The latest unemployment data, issued by Eurostat, shows a record 12.1% of the eurozone’s population is jobless. Top of the unemployment list are countries that have undergone EU bank bailouts.
The overall number of people currently out of work in the
eurozone has reached 19.21 million.
The EU member hardest hit by austerity – Greece – has the worst
unemployment, according to Eurostat’s survey for March 2013,
published on Tuesday. The country has more than
a quarter of its citizens jobless (Eurostat reveals figure of 27.2%
for January 2013).
The number out of work is expected to rise even further after Athens agreed to sack 15,000 civil servants as part of the requisite for the 2.8 billion euro part of its latest bailout tranche.
Other subjects to austerity, Spain and Portugal, also see their unemployment levels nearing those seen only during the Great Depression. And it’s not only a problem for countries forced to tighten their belts. France has its unemployment - with 5 million jobless – at all time high.
For those aged 25 and below, in countries like Spain and Greece, the unemployment rate is as high is close to 60%, with very little sign of improvement.

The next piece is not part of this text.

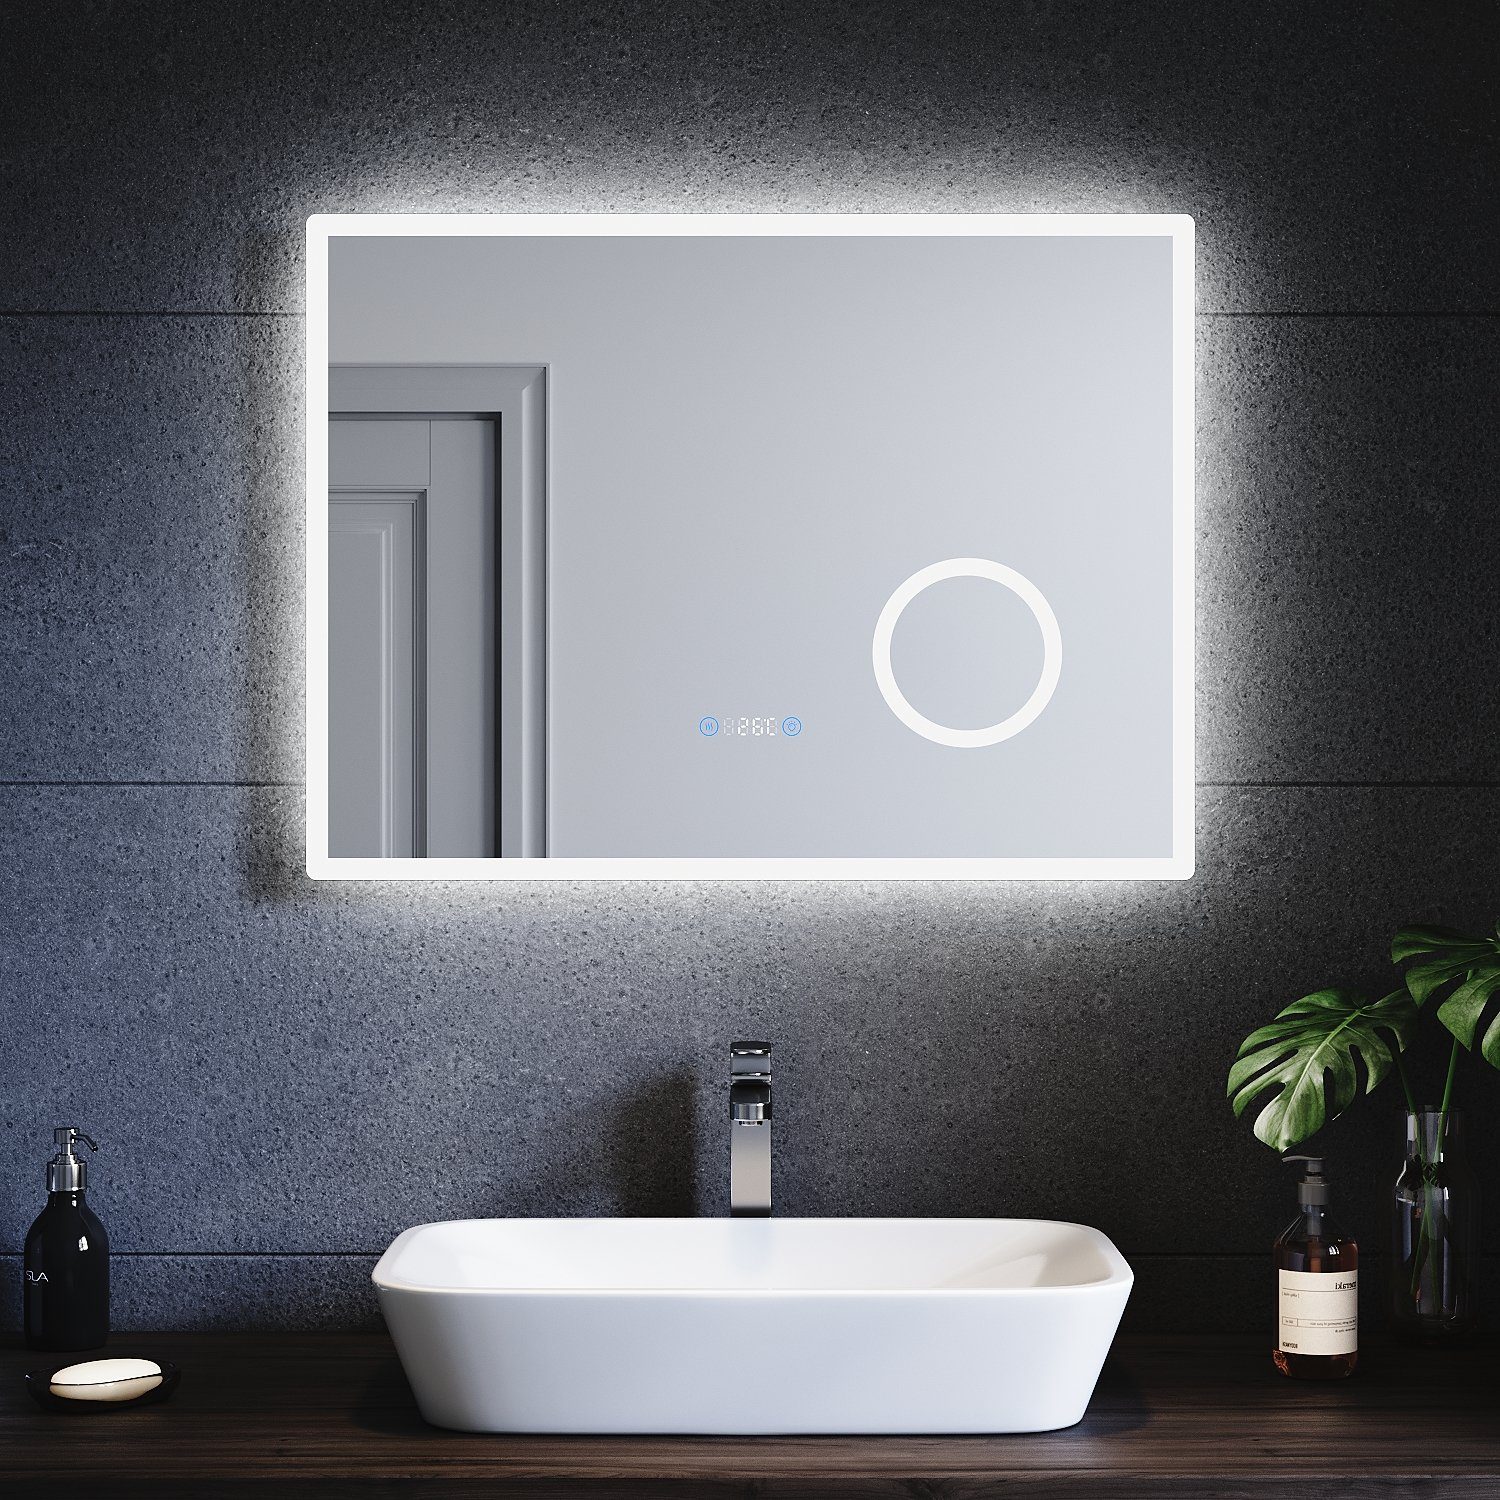 SONNI Badspiegel Badspiegel mit Beleuchtung kaltweiß, 3-facher Vergrößerung, Touch, Uhr, Temperatur, Beschlagfrei, Helligkeit einstellbar, Badezimmer, IP44

To find out the real extent of the problem RT’s Tesa Arcilla
spoke to some of those who were forced out of their homeland by
unemployment. Nicollo Regalzi, a biology graduate from Italy had to
come to Brussels and embark on a chocolatier career.
“The situation in Italy was actually awful. Because the only
thing I was able to get is a really short contract like three
months or six months with absolutely no possibility of growing up
in an industry,” Regalzi complains.
He says it wasn't a walk in the park in Belgium, either, as many companies required working knowledge of both French and Dutch -- a barrier that may be hard to overcome, but it was still more attractive for him than going back home.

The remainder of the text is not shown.